Day 175: Six.TwentyNine.13

I’ve had to have some conversations with myself. About my lack of focus, my recent play time, my sudden burst of social-butterfly-ness.

I’ve had to tell myself that all of these things are perfectly acceptable. Commendable, even.

Somehow I have come to know only one way to be in this world – a way that leaves no room for having fun (without feeling guilty later), taking one day as it comes, a way that includes all work all the time.

Work in the sense of responsibility, doing things for others, doing things 110% all the time even if I am not personally invested in them.

This new way, this place where I can do good work AND have fun AND be open to new ideas and ways of being…

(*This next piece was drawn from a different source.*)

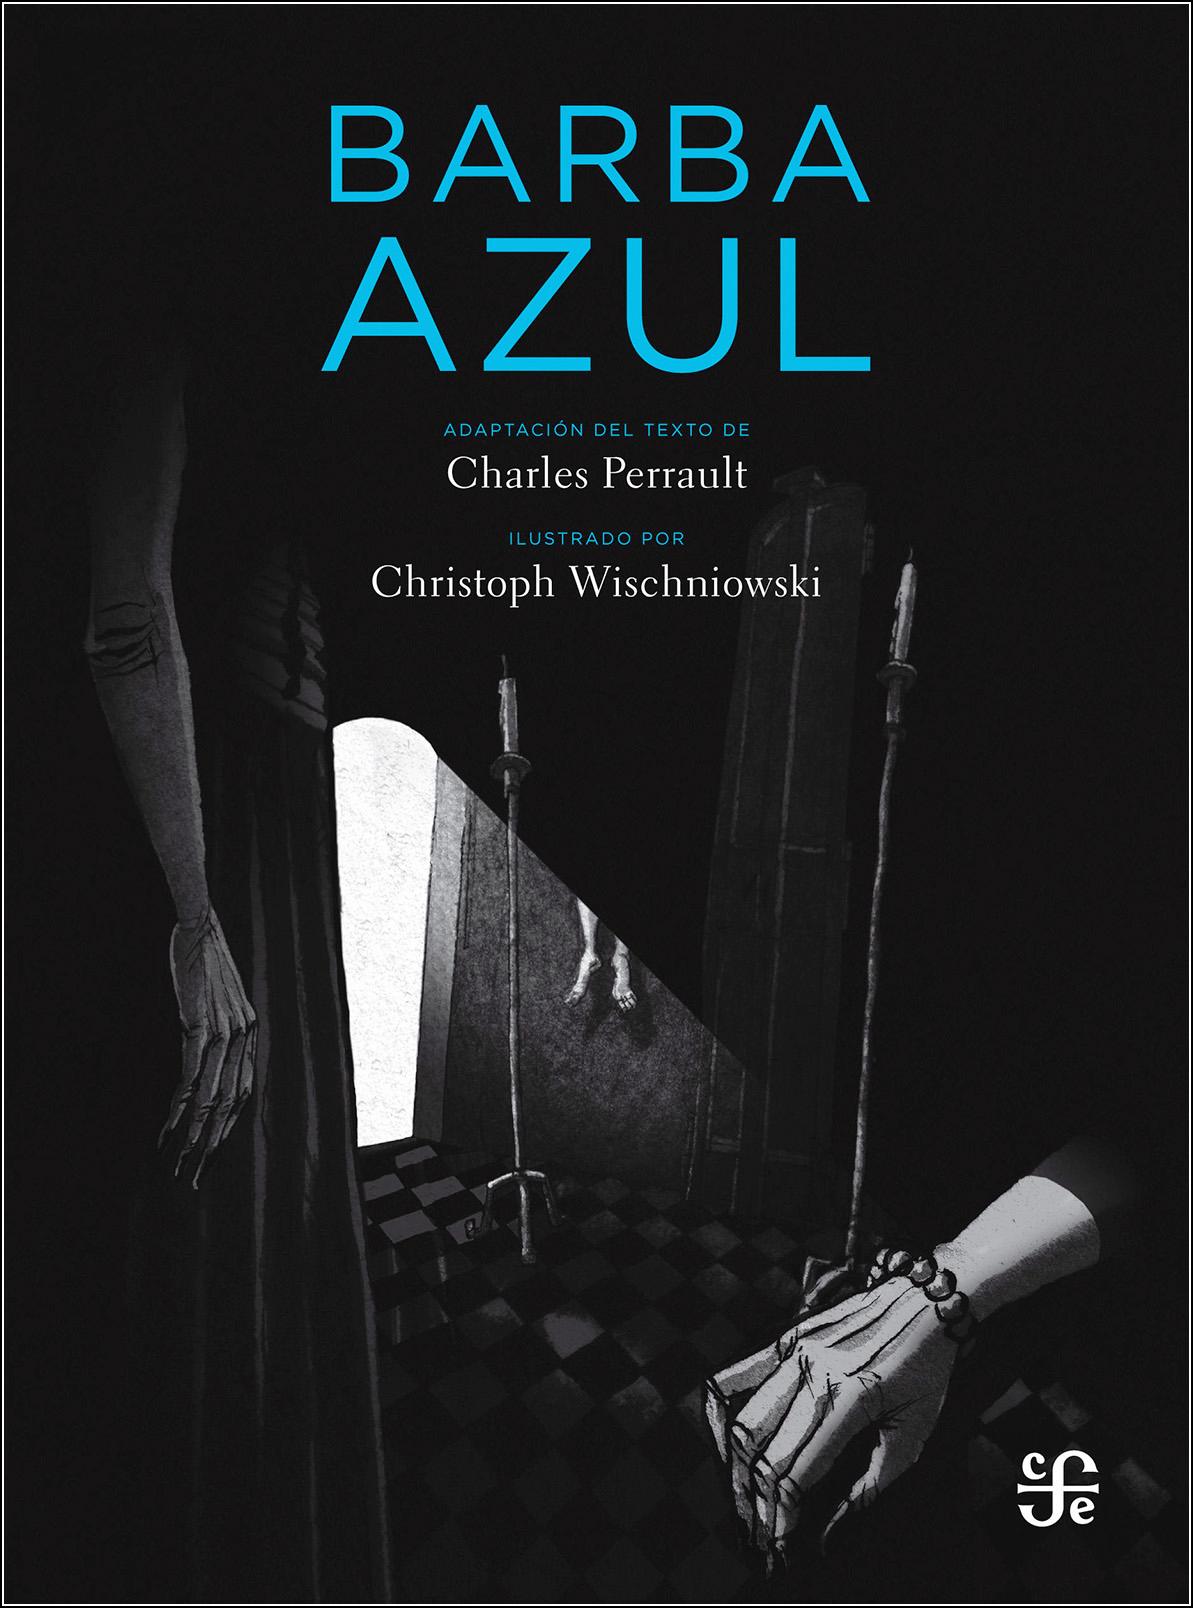 Christoph Wischniowski, Barba Azul

As doors seem to keep opening (not shutting), partnerships keep forming (not disintegrating), and happiness keeps being with me every morning when I wake up (not an overwhelming sense of duty but lack of personal serenity)… I realize… THIS is living.

And now my talks with myself include reminding me that this new state doesn’t have to be fleeting. I don’t have to worry about it disappearing. (Do I deserve this?!) There will be ups and downs yes, of course. But I am creating this new world for myself, for others. And if I am willing to keep giving of myself – my true, positive, encouraging, passionate, helpful, hard-working self… I have to believe I will be able to keep living in this perpetual state.

The best part? There’s plenty of room for all to join me here.

Never has the phrase “love what you do” rang so true as it does right now.